Hi Sachin,
The increamental mongodb source is under package
`org.apache.flink.cdc.connectors.mongodb.source`, and the legacy source is
under package `org.apache.flink.cdc.connectors.mongodb`.
Here's an example:
-----------------------------------------------------------------------------
import org.apache.flink.cdc.connectors.mongodb.source.MongoDBSource;
MongoDBSource<String> mongoSource =
MongoDBSource.<String>builder()
.hosts("<hosts>")
.databaseList("<database>")
.collectionList("<database.collection>")
.username(<username>)
.password(<password>)
.deserializer(new JsonDebeziumDeserializationSchema())
.closeIdleReaders(true)
.build();
StreamExecutionEnvironment env =
StreamExecutionEnvironment.getExecutionEnvironment();
// enable checkpoint
env.enableCheckpointing(3000);
// set the source parallelism to 2
env.fromSource(mongoSource, WatermarkStrategy.noWatermarks(), "MongoDB
Increamental Source")
.setParallelism(2)
.print()
.setParallelism(1);
env.execute("Print MongoDB Snapshot + Change Stream");
-----------------------------------------------------------------------------
Best,
Jiabao
On 2024/08/19 14:39:57 Sachin Mittal wrote:
> Thanks for the explanation.
>
> One quick question how do I enable:
> scan.incremental.snapshot.enabled = true
>
> for my MongoDBSource ?
>
> I don't see any option in the builder for the same.
>
> Regards
> Sachin
>
>
>
> On Mon, Aug 19, 2024 at 8:00 PM Jiabao Sun <[email protected]> wrote:
>
> > Sorry, in my previous reply, I mistakenly wrote Flink 2.0 instead of Flink
> > CDC 2.0.
> > I am correcting it here to avoid any misunderstanding.
> >
> > Incremental snapshot reading is a new feature introduced in Flink CDC 2.0.
> >
> > The following table shows the version mapping between Flink CDC Connectors
> > and Flink[1]:
> >
> > Flink CDC Version Flink Version
> > 1.0.0 1.11.*
> > 1.1.0 1.11.*
> > 1.2.0 1.12.*
> > 1.3.0 1.12.*
> > 1.4.0 1.13.*
> > 2.0.* 1.13.*
> > 2.1.* 1.13.*
> > 2.2.* 1.13.*, 1.14.*
> > 2.3.* 1.13.*, 1.14.*, 1.15.*, 1.16.*
> > 2.4.* 1.13.*, 1.14.*, 1.15.*, 1.16.*, 1.17.*
> > 3.0.* 1.14.*, 1.15.*, 1.16.*, 1.17.*, 1.18.*
> >
> > Best,
> > Jiabao
> >
> > [1]
> > https://nightlies.apache.org/flink/flink-cdc-docs-release-3.1/docs/connectors/flink-sources/overview/#supported-flink-versions
> >
> > On 2024/08/19 09:27:48 Sachin Mittal wrote:
> > > So basically if I set startupOptions(StartupOptions.initial())

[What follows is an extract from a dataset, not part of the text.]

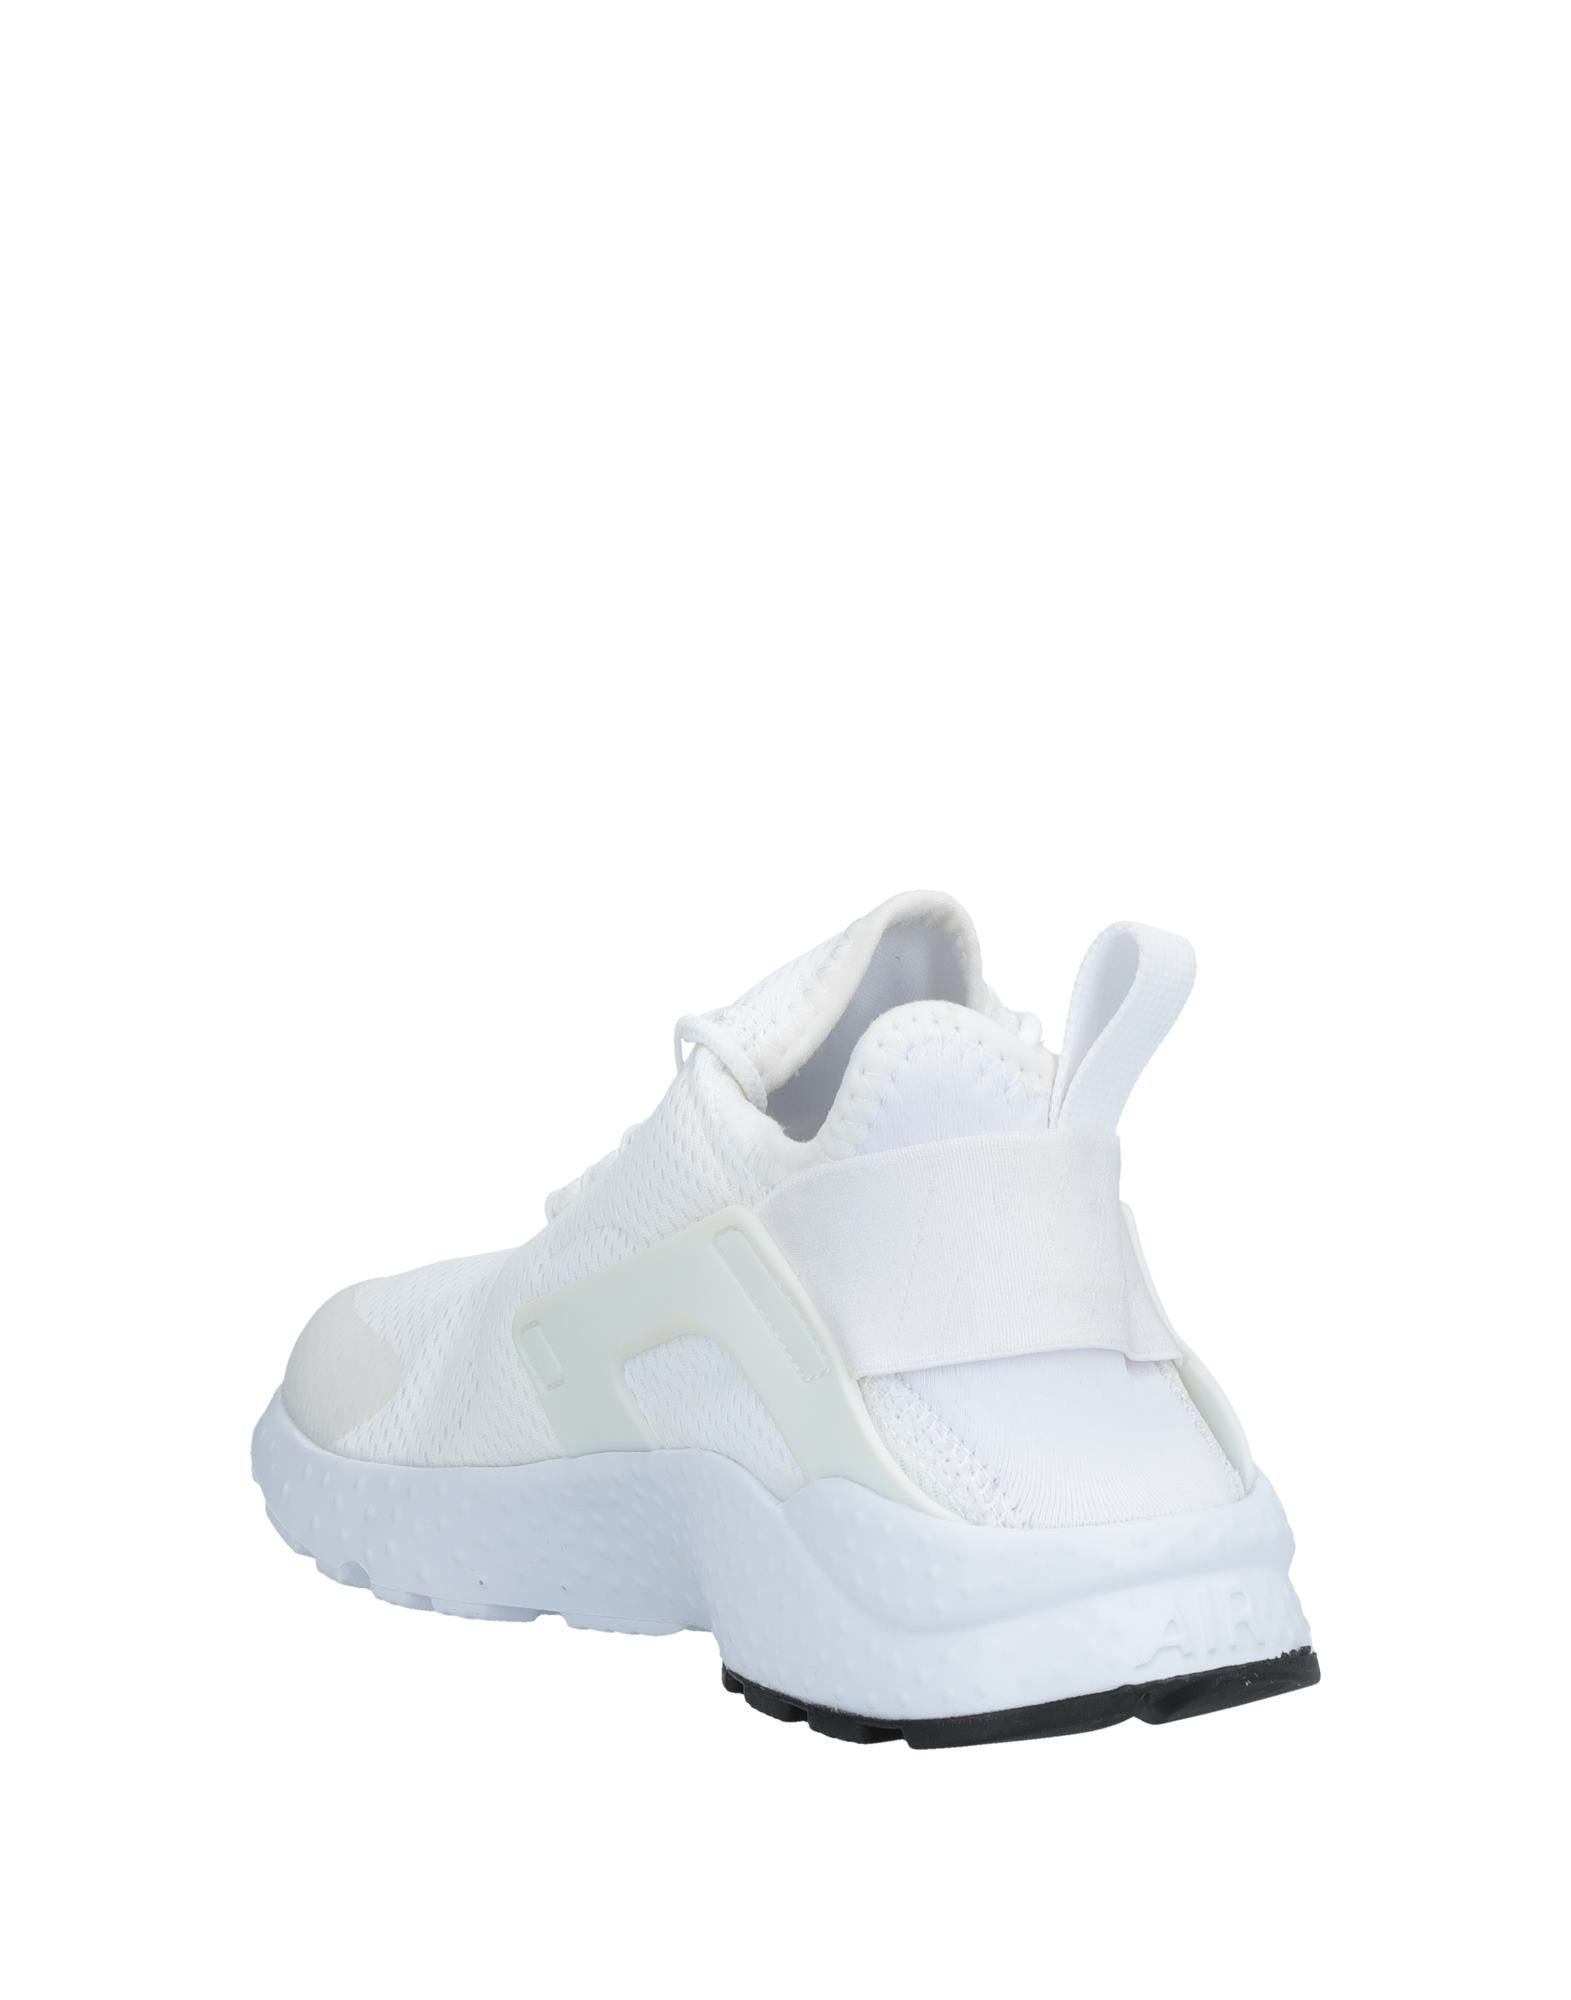 Moda Moda Moda Sneakers Nike Donna - 11529877KH d1f727

> > > and also scan.incremental.snapshot.enabled = true
> > > Then it would read from the source in parallel, thereby reading the
> > entire
> > > mongo collection faster.
> > >
> > > Am I understanding that correctly?
> > >
> > > Also I am using Flink 1.8, would it work with this version of flink ?
> > >
> > > Thanks
> > > Sachin
> > >
> > >
> > > On Mon, Aug 19, 2024 at 2:29 PM Jiabao Sun <[email protected]> wrote:
> > >
> > > > Hi Sachin,
> > > >
> > > > Incremental snapshot reading is a new feature introduced in Flink 2.0.
> > > >
> > > > It has the following capabilities:
> > > > - Source can be parallel during snapshot reading to improve snapshot
> > speed
> > > > - Source can perform checkpoints in the chunk granularity during
> > snapshot
> > > > reading
> > > >
> > > > Limitation:
> > > > - MongoDB version needs to be greater than 4.0
> > > >
> > > > Best,
> > > > Jiabao
> > > >
> > > > On 2024/08/19 06:48:39 Sachin Mittal wrote:
> > > > > Hi,
> > > > > I am using mongodb cdc connector version 3.1.1
> > > > > I am connecting to mongodb atlas, which uses mongodb version 7.0.
> > > > >
> > > > > In the cdc connector I find a property:
> > > > >
> > > > > scan.incremental.snapshot.enabled with default as false.
> > > > >
> > > > > I wanted to know in what cases we should set this as true and what
> > does
> > > > > this property help with ?
> > > > >
> > > > > Please note that I am configuring my connector with:
> > > > >
> > > > > .startupOptions(StartupOptions.initial())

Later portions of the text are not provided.